In a competitive electricity market, forecast of energy prices is a key information for the market participants. However, price signal usually has a complex behavior due to its nonlinearity, nonstationarity, and time variancy. In spite of all performed researches on this area in the recent years, there is still an essential need for more accurate and robust price forecast methods. In this paper, a combination of a feature selection technique and neural network (NN) is proposed for this purpose.

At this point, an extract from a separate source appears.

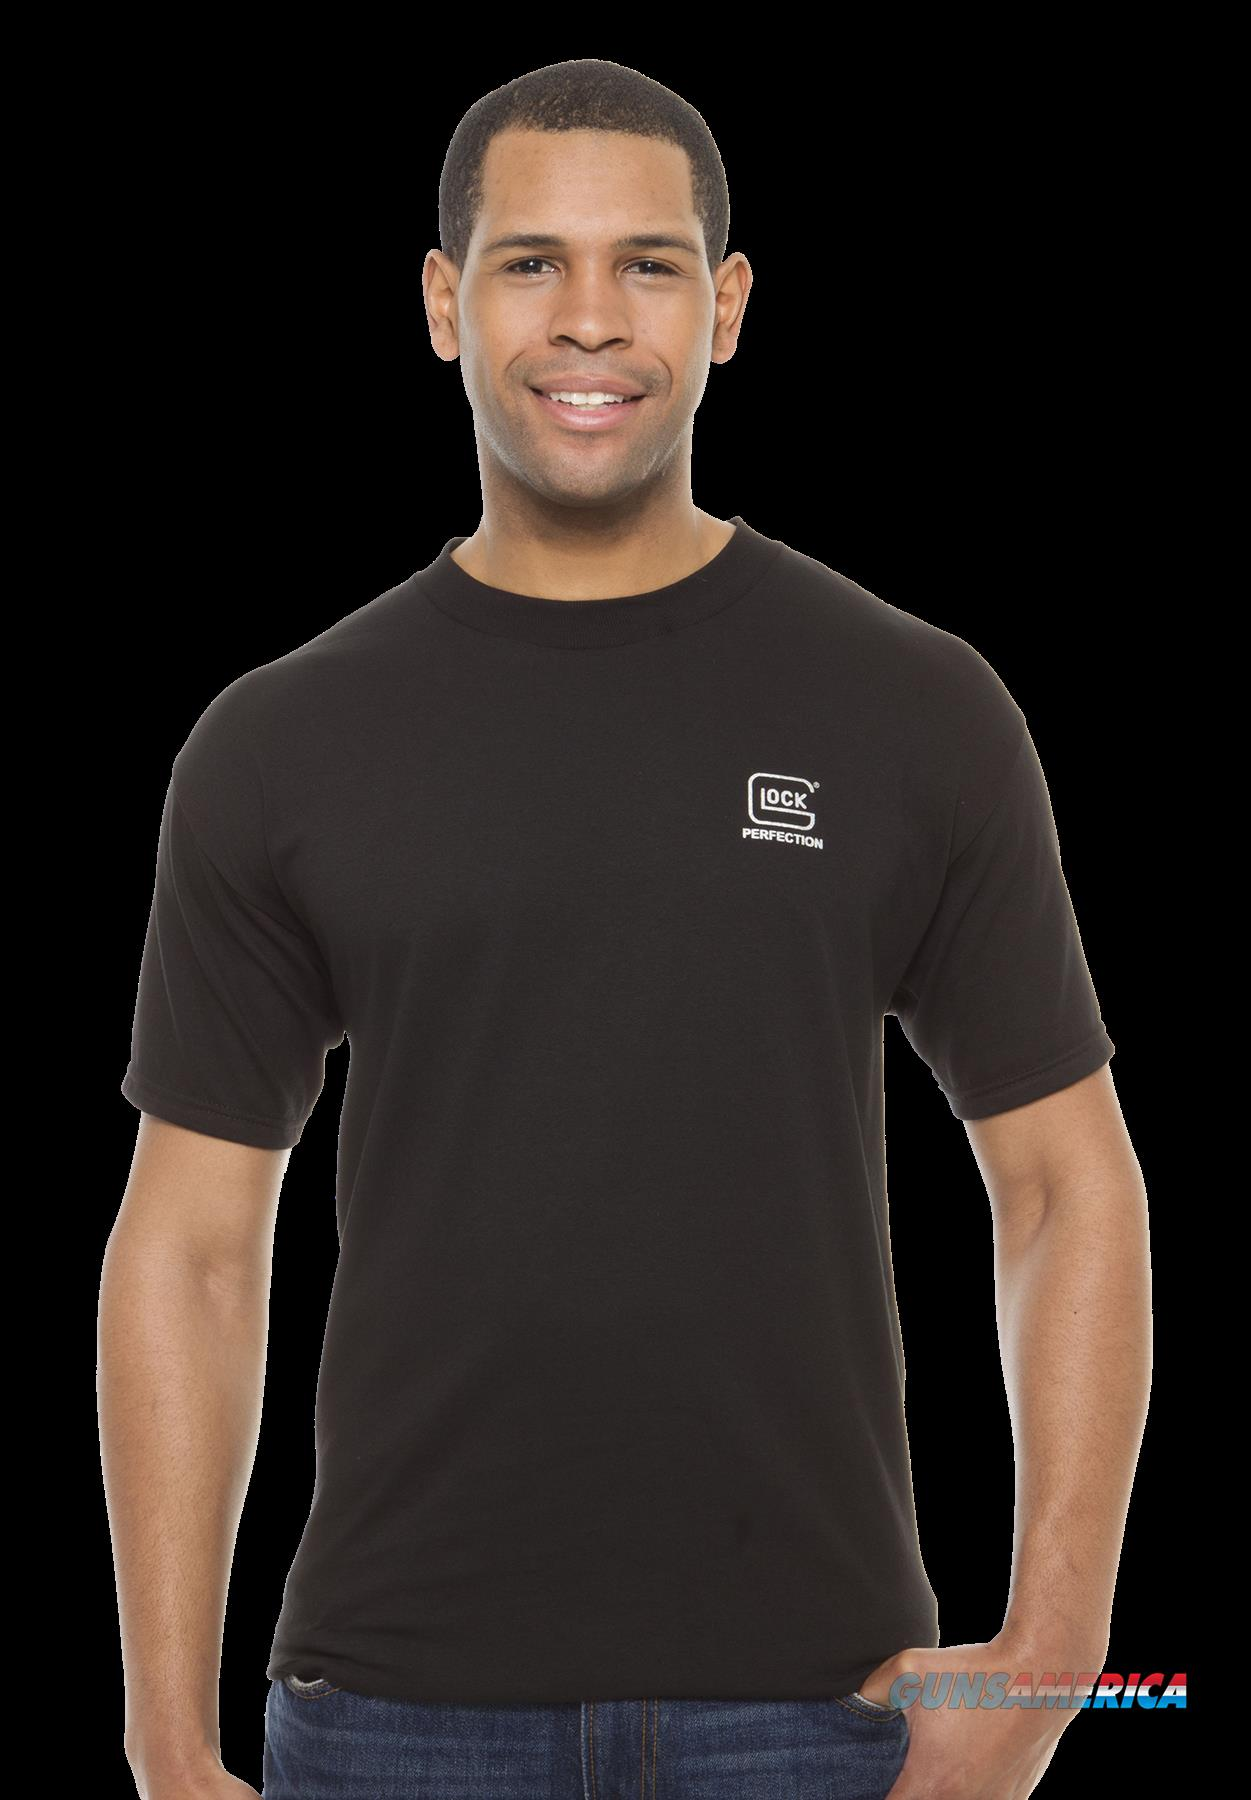 Glock T-shirt, Glock Aa11005  Perfection Tshirt Black       3xlrg  Guns > Pistols > 1911 Pistol Copies (non-Colt)

The feature selection method is a modified version of the relief algorithm, proposed for the feature selection of price forecasting. Then, by means of the most relevant, explanatory and irredundant features, a neural network (NN) predicts the next values of the price signal. The adjustable parameters of the whole method are fine-tuned by a cross-validation technique. The proposed method is examined on PJM electricity market, forecasting day-ahead locational marginal prices (LMPs), and compared with some of the most recent price forecast methods especially some other popular and validated feature selection techniques. These comparisons indicate the validity and robustness of the proposed forecasting method.
基于救济算法和神经网络的日前电价预测
在竞争激烈的电力市场中,能源价格预测是市场参与者的重要信息。然而,由于价格信号的非线性、非平稳性和时变性,通常具有复杂的行为。尽管近年来在这一领域进行了大量的研究,但仍然需要更准确、更可靠的价格预测方法。为此,本文提出了一种特征选择技术与神经网络相结合的方法。特征选择方法是对浮雕算法的改进,提出用于价格预测的特征选择。然后,通过最相关、最具解释性和最不冗余的特征,神经网络(NN)预测价格信号的下一个值。通过交叉验证技术对整个方法的可调参数进行了微调。以PJM电力市场为研究对象,对该方法进行了日前位置边际电价预测,并与一些最新的电价预测方法进行了比较,特别是其他一些流行的和经过验证的特征选择技术。这些比较表明了所提出的预测方法的有效性和稳健性。
本文章由计算机程序翻译,如有差异,请以英文原文为准。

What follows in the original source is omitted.